Requirement to file a Form 8937 pursuant to a Chapter 11 recapitalization
Many corporate actions can trigger the requirement for the corporation to file a Form 8937, Report of Organizational Actions Affecting Basis of Securities. Such actions include corporate distributions in excess of earnings and profits, certain merger and acquisition transactions, and exchanges of stock-for-stock or stock-for-debt, as described further below.
The Form 8937 requirement arises under section 6045B and Reg. section 1.6045B-1, and stems from Congress’ expansion of tax basis reporting requirements in 2008 legislation.3 Section 6045B requires corporate issuers of certain securities to report information to the IRS and its shareholders following certain actions that affect the security’s basis. Congress enacted the provision to improve tax compliance resulting from the proper determination of the basis of securities.

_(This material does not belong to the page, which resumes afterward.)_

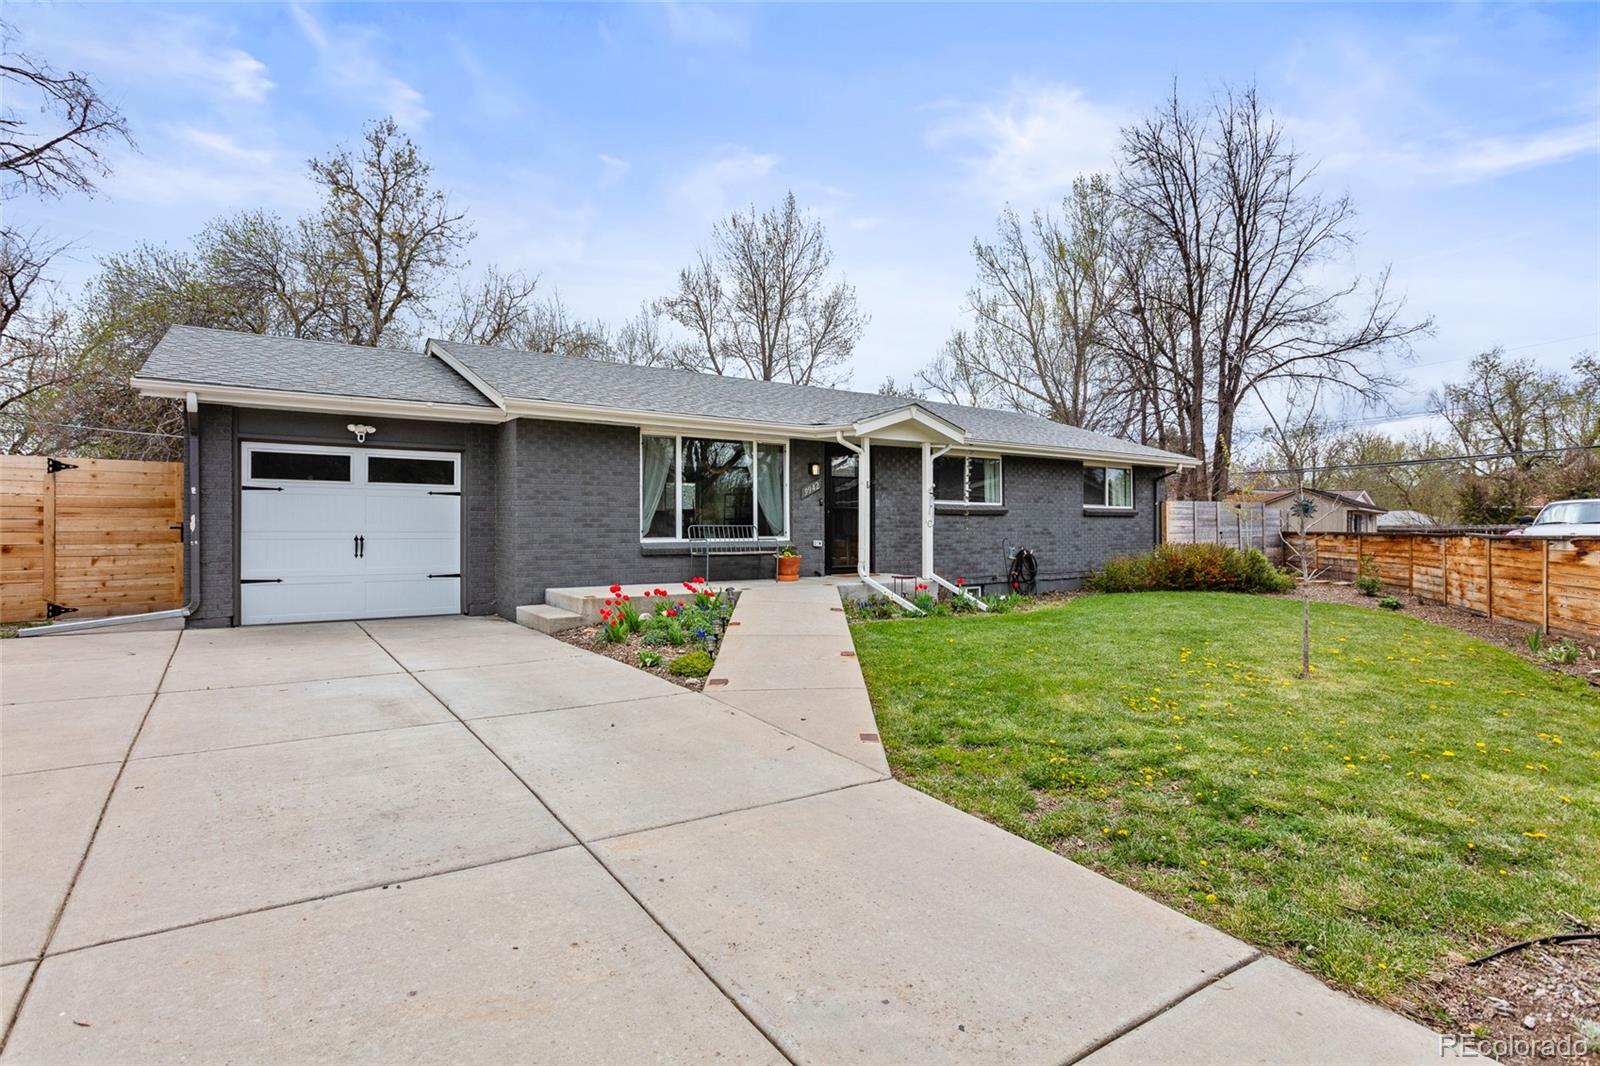 9942 W 66th Place, arvada MLS: 3412104 Beds: 5 Baths: 3 Price: $749,900

For example, a corporation that exchanges all of its outstanding notes for corporate stock in a Chapter 11 reorganization treated as a recapitalization generally must file a Form 8937. The form would serve to inform the prior note holders regarding their basis in the shares of stock received in exchange for their notes, and would make the same basis information available to brokers (if any) that hold such stock for customers. If prior equity holders also receive new equity in the reorganized corporation, the Form 8937 will also apprise the prior equity holders of the basis in the shares of the stock received in exchange for their prior equity interests, and would again make the same basis information available to brokers.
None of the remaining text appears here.